On February 9, 1994 the IBU requested that Cases 12-93 and 14-03 be consolidated for hearing. On February 16, 1994 Assistant Attorney General Robert McIntosh, representing the Washington State Ferries, informed MEC Staff that the State does not oppose the consolidation.

On February 16, 1994 MEC issued an Order of Consolidation of Cases 12-93 and 14-93 and a Notice of Hearing for March 11, 1994 pursuant to RCW 47.64.130 and 47.64.280 and chapters 316-02 and 316-45 WAC. Hearing was held on March 11, 1994 and the parties agreed to return for a second day of hearing on Apri1 27, 1994.

Hearing Examiner Chiles had urged the parties several times to try and settle the matter. The parties met for several hours on April 27, 1994 to discuss the case. They did not reach agreement on the issues, but they reached a postponement agreement. The agreement from the transcript states:

It is agreed that this hearing will be postponed until the Masters Mates and Pilots union either settles with the Employer, Washington State Ferries, in connection with the Fauntleroy Dock closure that is at issue in this case, or fails to reach a settlement with Washington State Ferries in connection with that issue. There is also a deadline. If the MM&P doesn’t either settle or fail to settle by June 24th, the parties will then reconvene this hearing. The idea being that if the MM&P settles, that may give some guidance to the parties here today in trying to settle this issue.

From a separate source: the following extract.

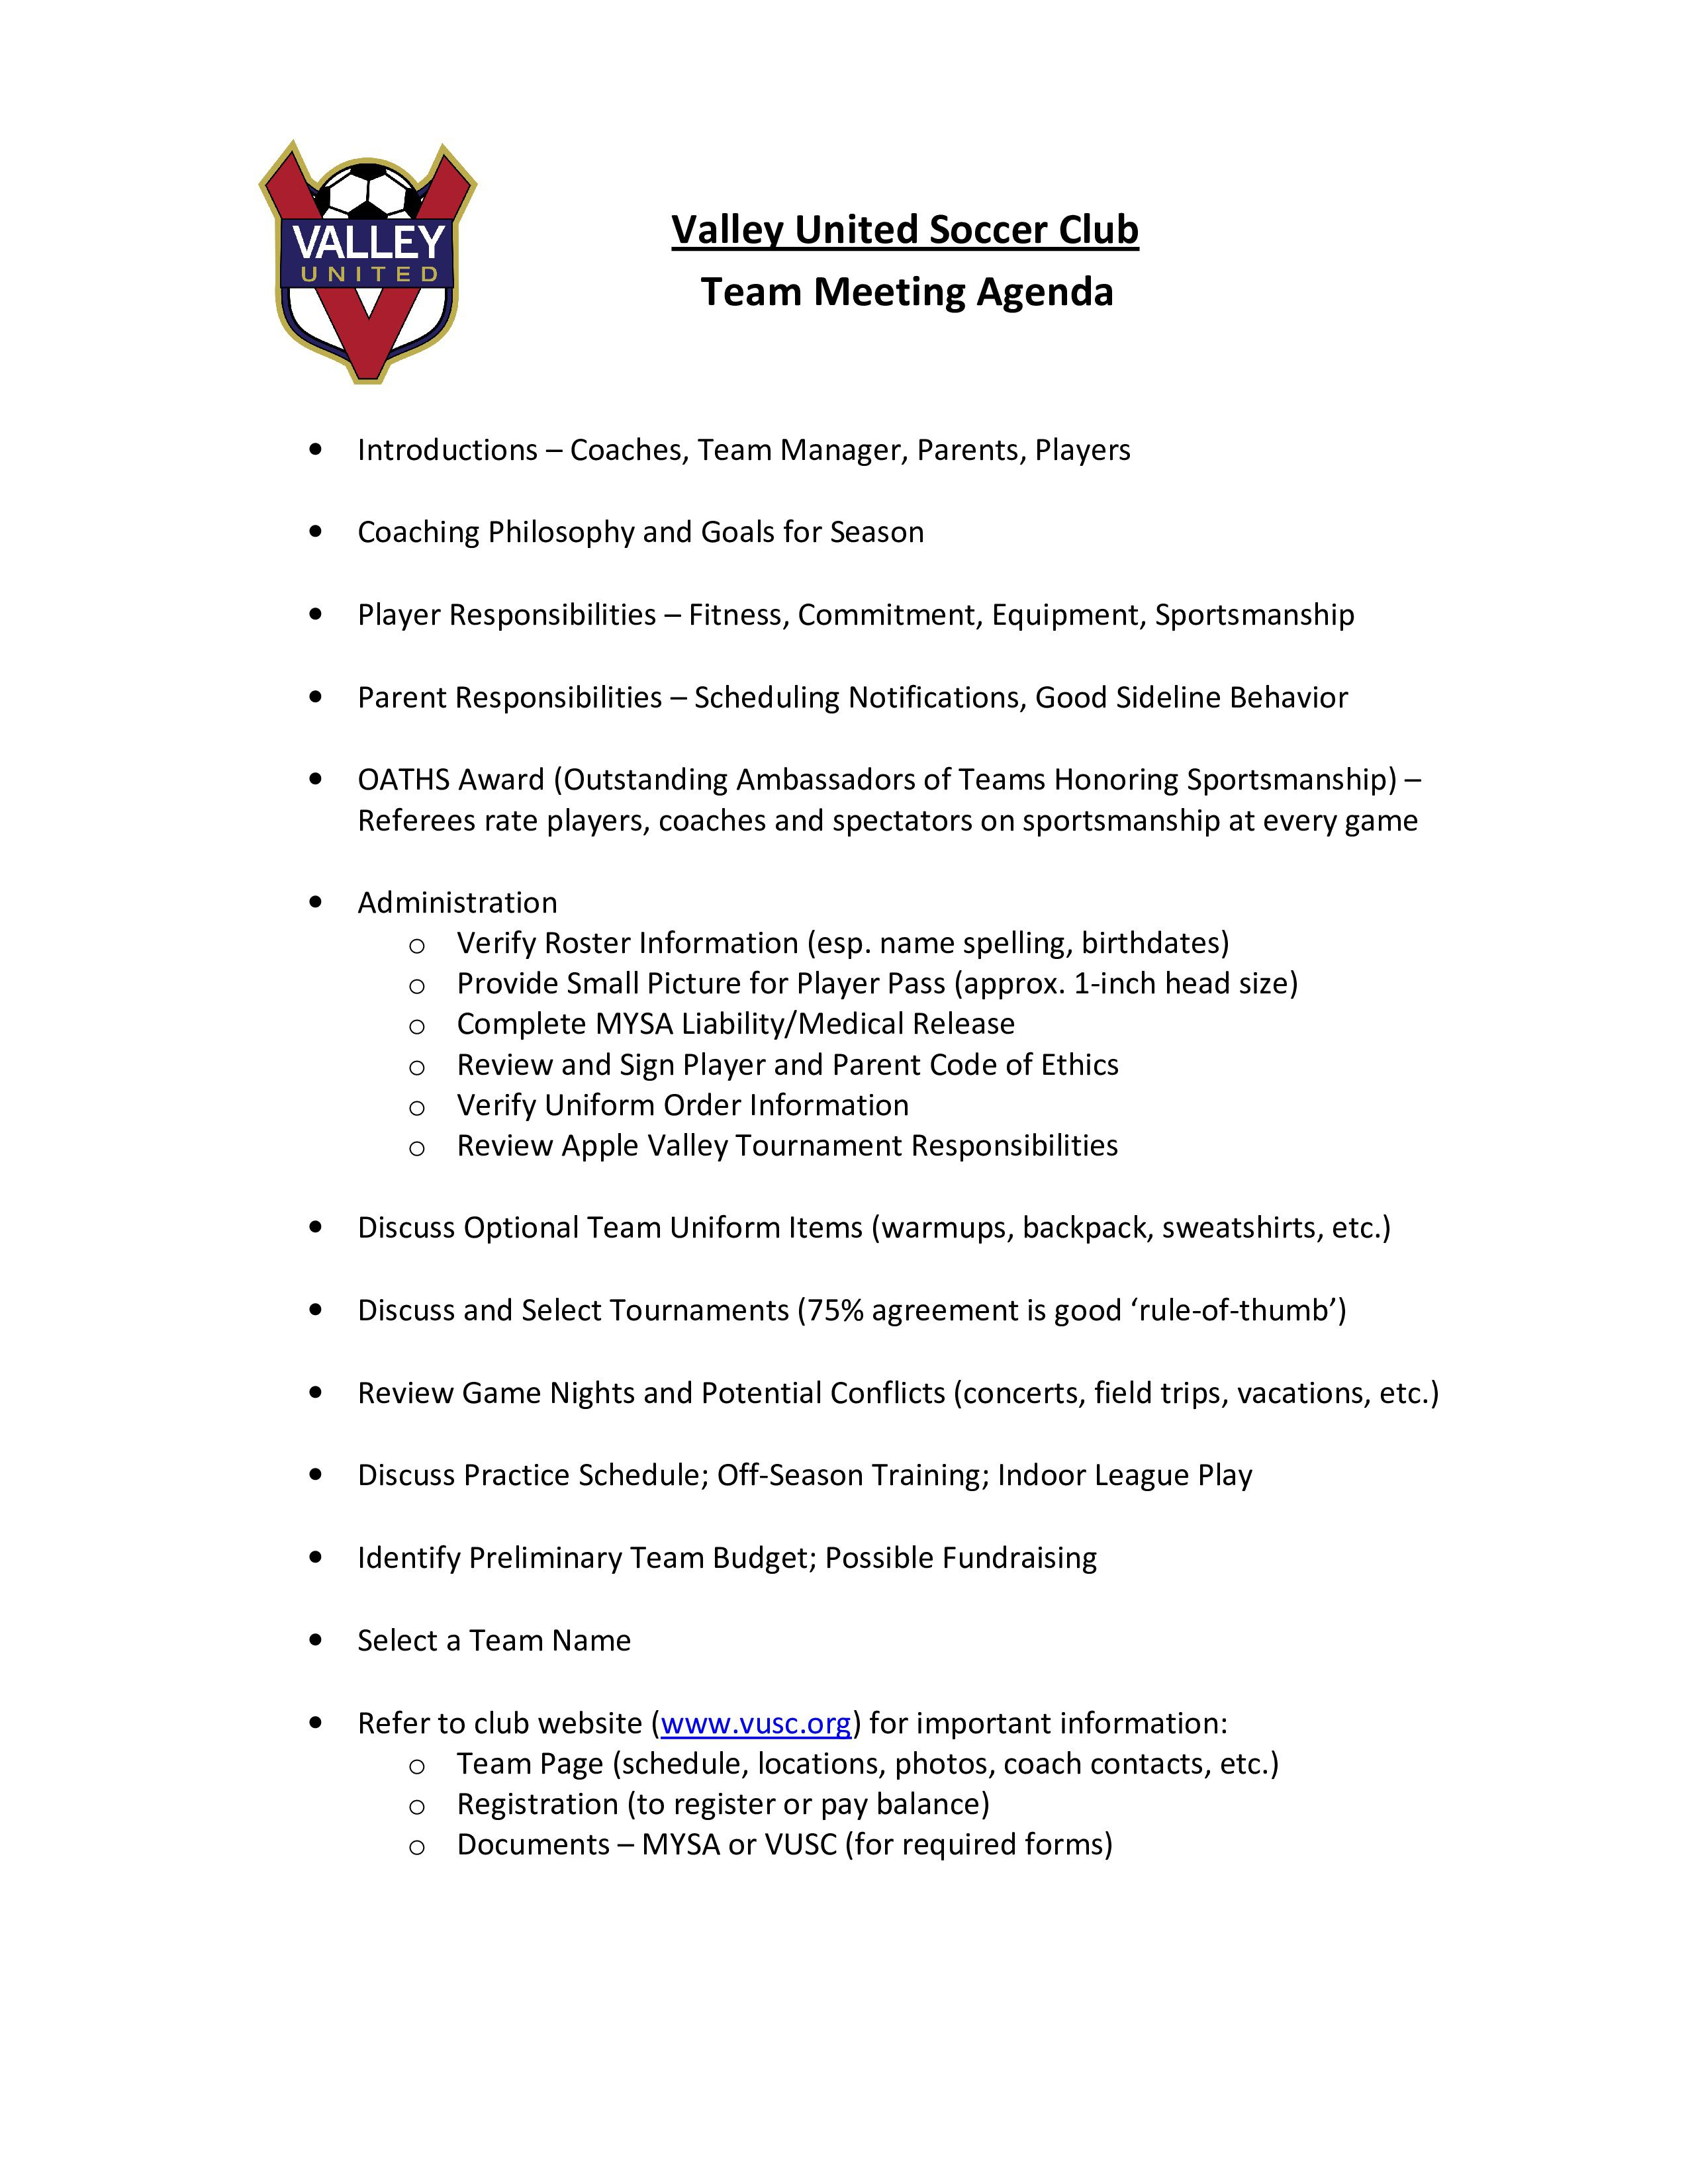 001 Wonderful Formal Meeting Agenda Template High Resolution  Board Example PdfFull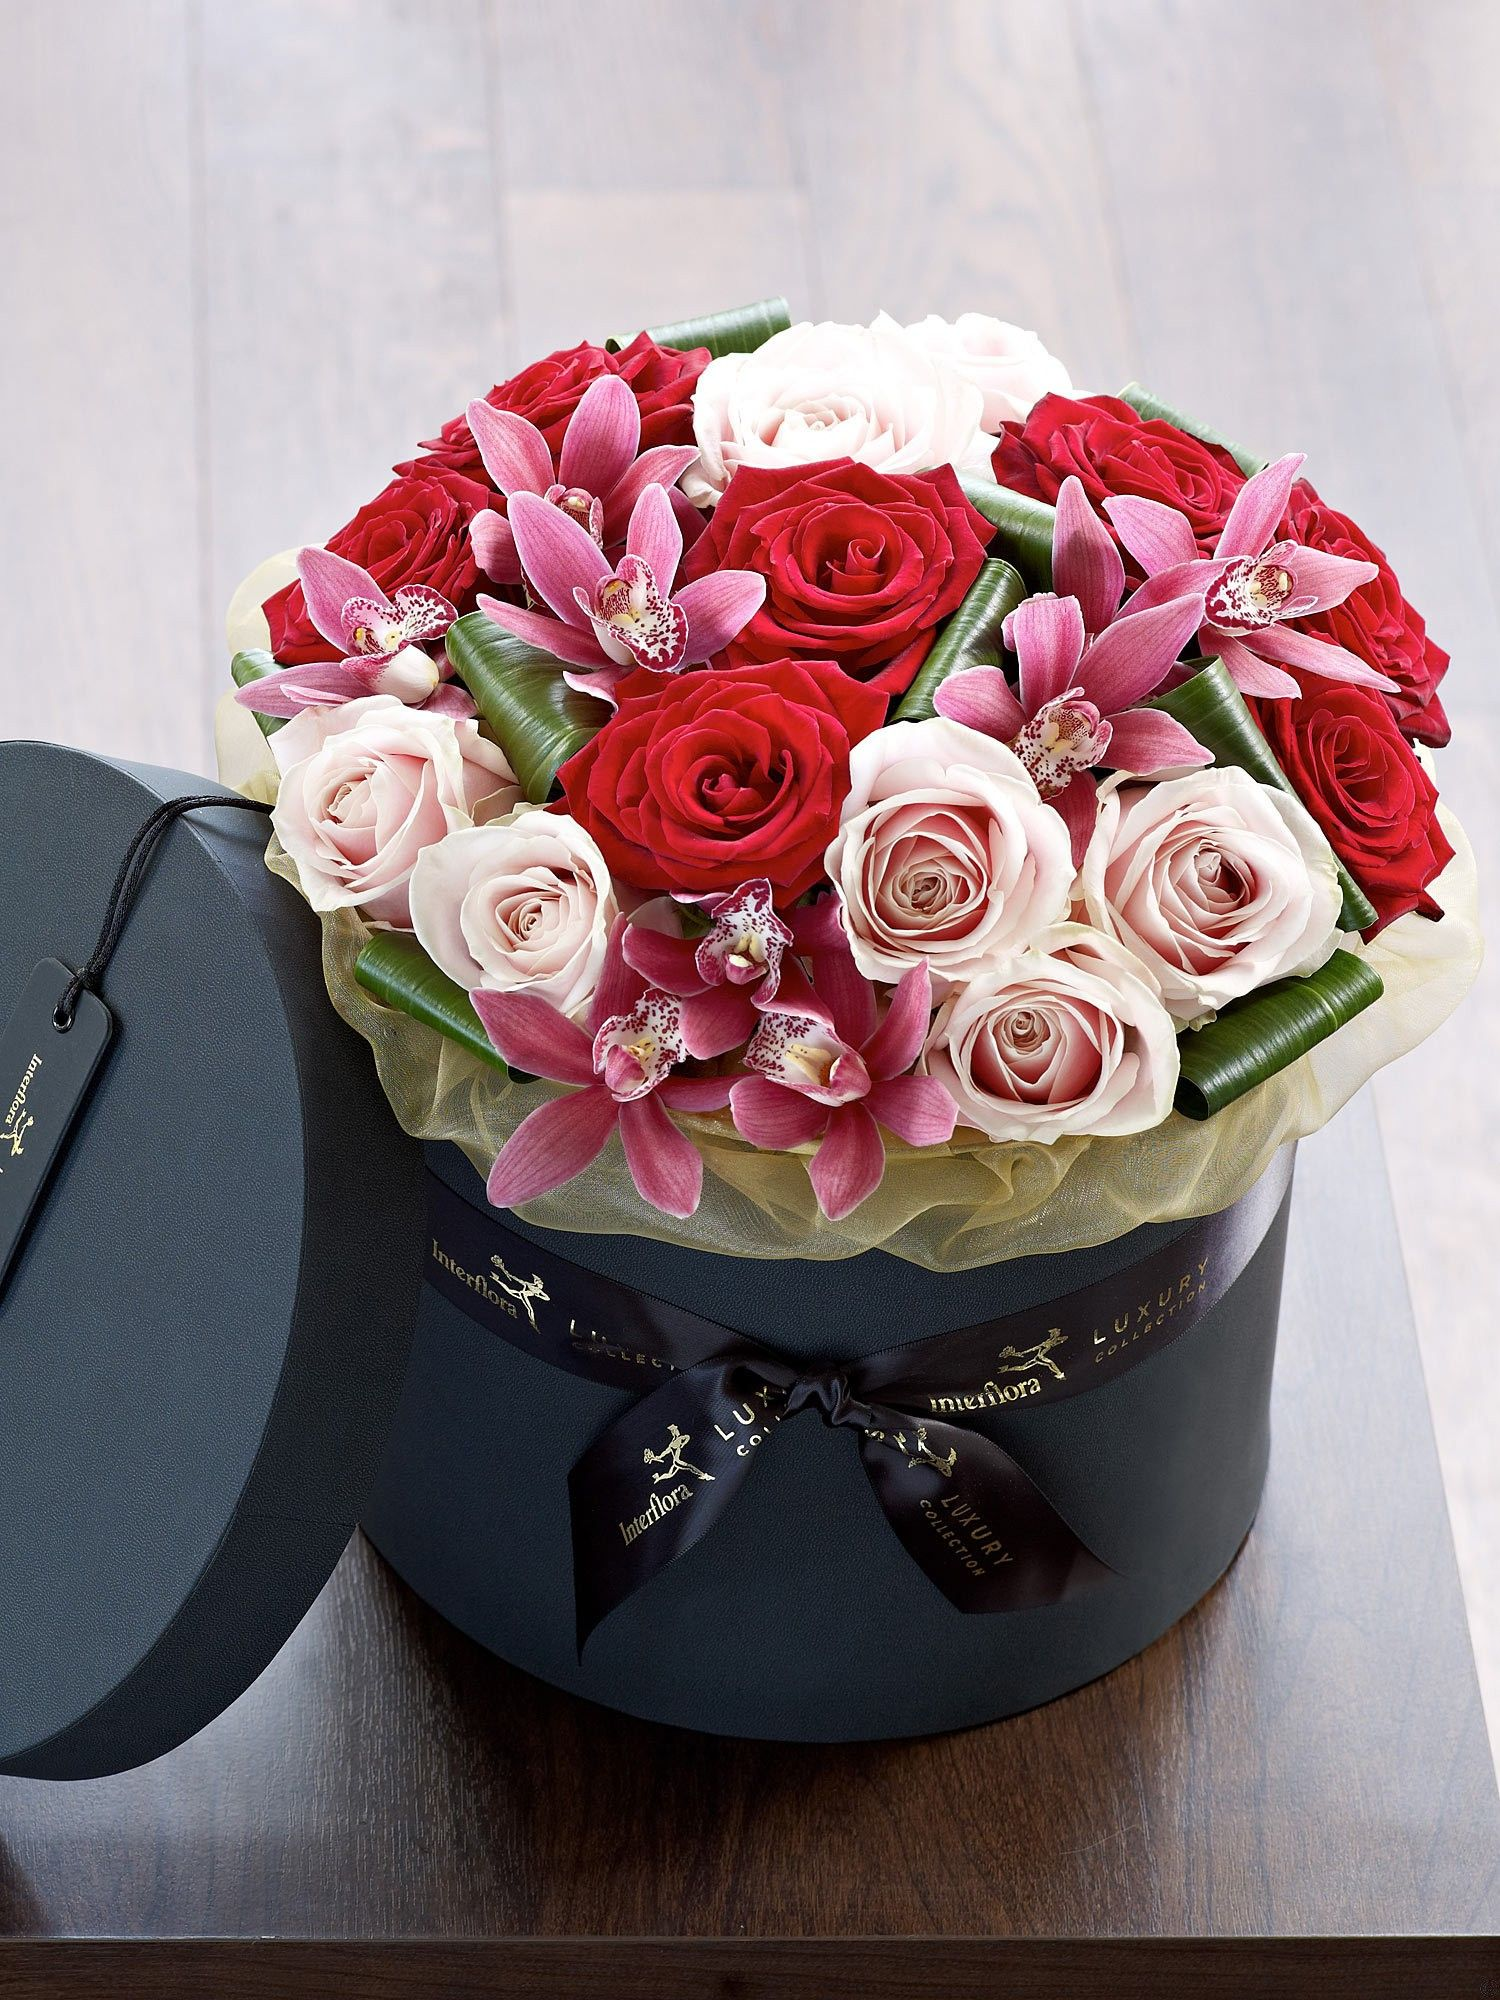 Luxury rose and cymbidium orchid hatbox paris je taime luxury rose and cymbidium orchid hatbox izmirmasajfo Choice Image

Now, if the MM&P settles the issue, the parties agree to convene a committee to consist of three members of WSF management and three WSF employees. This committee will meet for the purpose of attempting to resolve this matter for a maximum period of one day. If the committee reaches a settlement of this matter, the Union will then determine whether or not to refer this matter back to the Commission for a continued hearing in this case.

Now, the circumstances of the continued hearing in this case are as follows: The one-day testimony that has already occurred will not be repeated. That part of the record will stand. The parties agree that if the Commission finds that this matter is not appropriate brought before the Commission as an unfair labor practice, that the parties agree that the Commission is to resolve it on its merits as a grievance arbitration and that the Commission is hereby selected as the arbitrator to perform that function.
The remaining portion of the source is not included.